In the meantime, let me suggest a modern work of literature which I believe is a contemporary version of the kind of story the Book of Revelation gives us. I’m talking about the massive Harry Potter series of books (more than 4,100 pages). I believe J. K. Rowling is presenting us with the same choice between Lord Voldemort’s imperialistic ways of death and Dumbledore’s way of self-giving love, as is Revelation between the imperial Beast and the Lamb slain. They both use fantastical imagery and symbolism in telling us the basic story of human power. Dumbledore never shrinks from the fact that one must stand against such evil ways as Voldemort’s. But he also persists in teaching Harry that the most powerful force in the world is that of love, the kind of self-giving love which his mother showed in dying for him. Shortly before Dumbledore gives his own life to save others, he has the essential conversation about the two kinds of power. He tells Harry that it will take “uncommon skill and power” to defeat Voldemort, and we read,
“But I haven’t got uncommon skill and power,” said Harry, before he could stop himself.
“Yes, you have,” said Dumbledore firmly. “You have a power that Voldemort has never had. You can —”
“I know!” said Harry impatiently. “I can love!” It was only with difficulty that he stopped himself adding, “Big deal!”1
At this point in the saga, Harry, too, thinks Dumbledore’s vision to be craziness. How can love win out over the kind of power which Voldemort wields to bring death and the power to control others? But J.K. Rowling is truly faithful to the Christian vision by bringing us precisely to an ending in which the power of love does win out. Harry never tries to kill Voldemort. Voldemort is ultimately defeated by his own power of death rebounding back upon him — literally. I won’t give other details that might spoil things, if you haven’t read these books. I do highly recommend them as one of the greatest Christian sagas ever written, one that matches the story of the Book of Revelation in its using fantastical storytelling to proclaim the victory of the power of love.2
Brothers and Sisters in Christ, we need these kinds of stories to gain the vision and courage it takes to stand in nonviolent, loving resistance to the forces of coercion, violence, and death which are on the rise once again in our world.
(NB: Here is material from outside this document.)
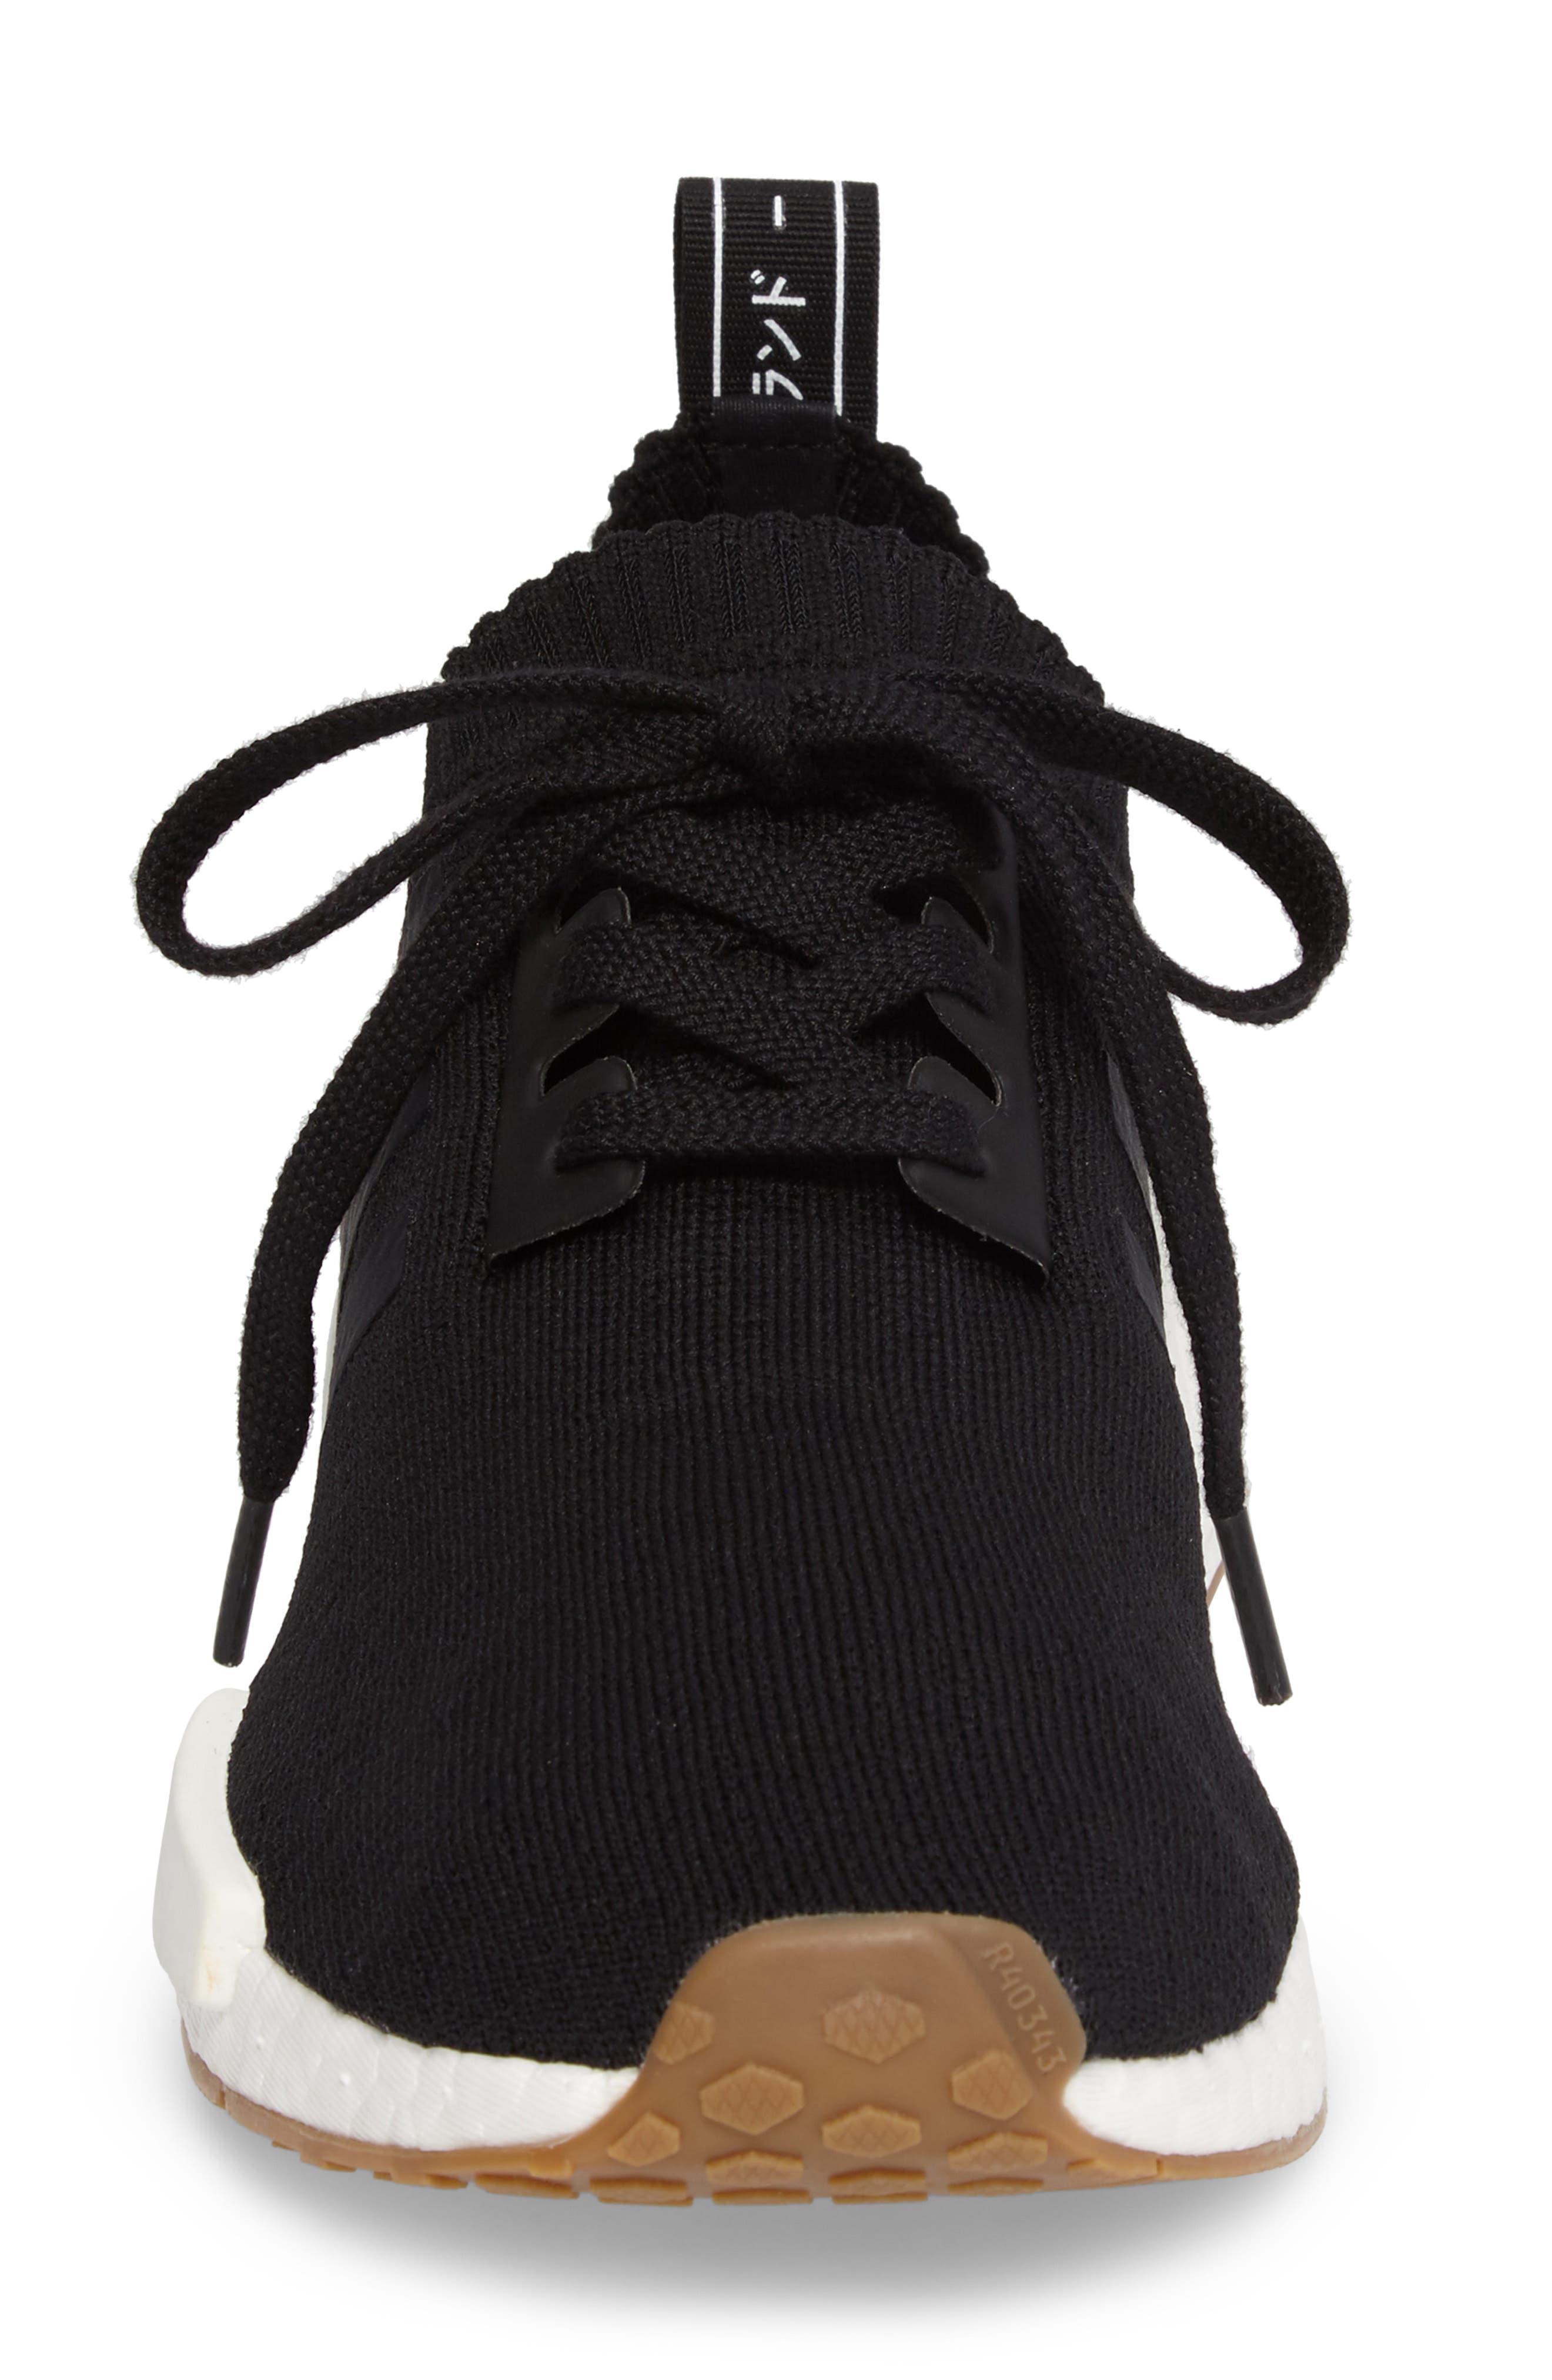 NMD R1 Primeknit Sneaker,                             Alternate thumbnail 4, color,                             002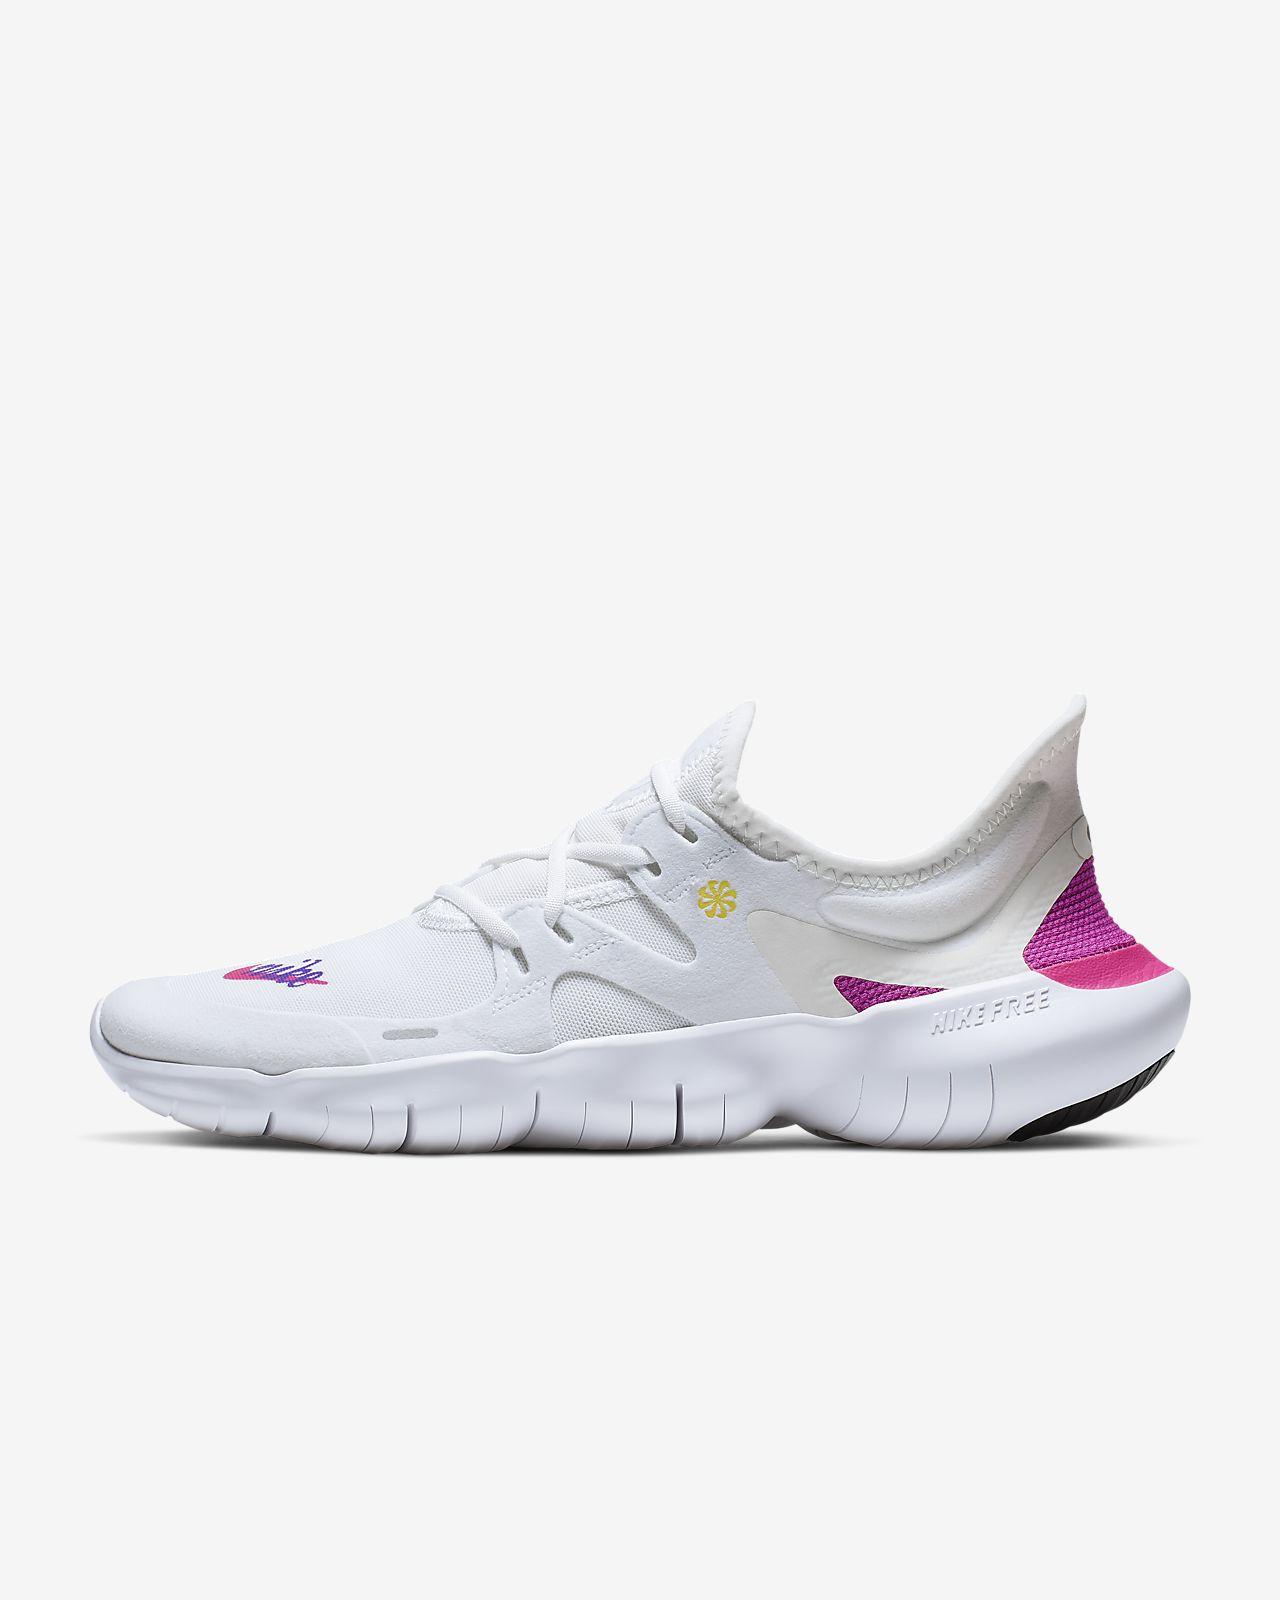 meilleur pas cher 09474 1f33b Chaussure de running Nike Free RN 5.0 pour Femme

We need to keep singing about the victory of the Lamb Slain, even when it seems crazy. Above all, we need faith. Not faith in the sense of believing certain things about Jesus in order to get into heaven. No, we need the kind of faith which is trust in Jesus and his power of love to ultimately win the day over the terrible powers of sin and death. The reign of God has begun in this world! Let’s join the battle armed only with the power of love! Amen
Paul J. Nuechterlein
Bethlehem Lutheran Church,
Muskego, WI, May 15, 2022
Notes
1. J.K. Rowling, Harry Potter and the Half-Blood Prince (Scholastic, 2005), page 509.
2. For more on the Harry Potter saga and its championing of love, see my unpublished paper “Harry Potter and the Power of Love.”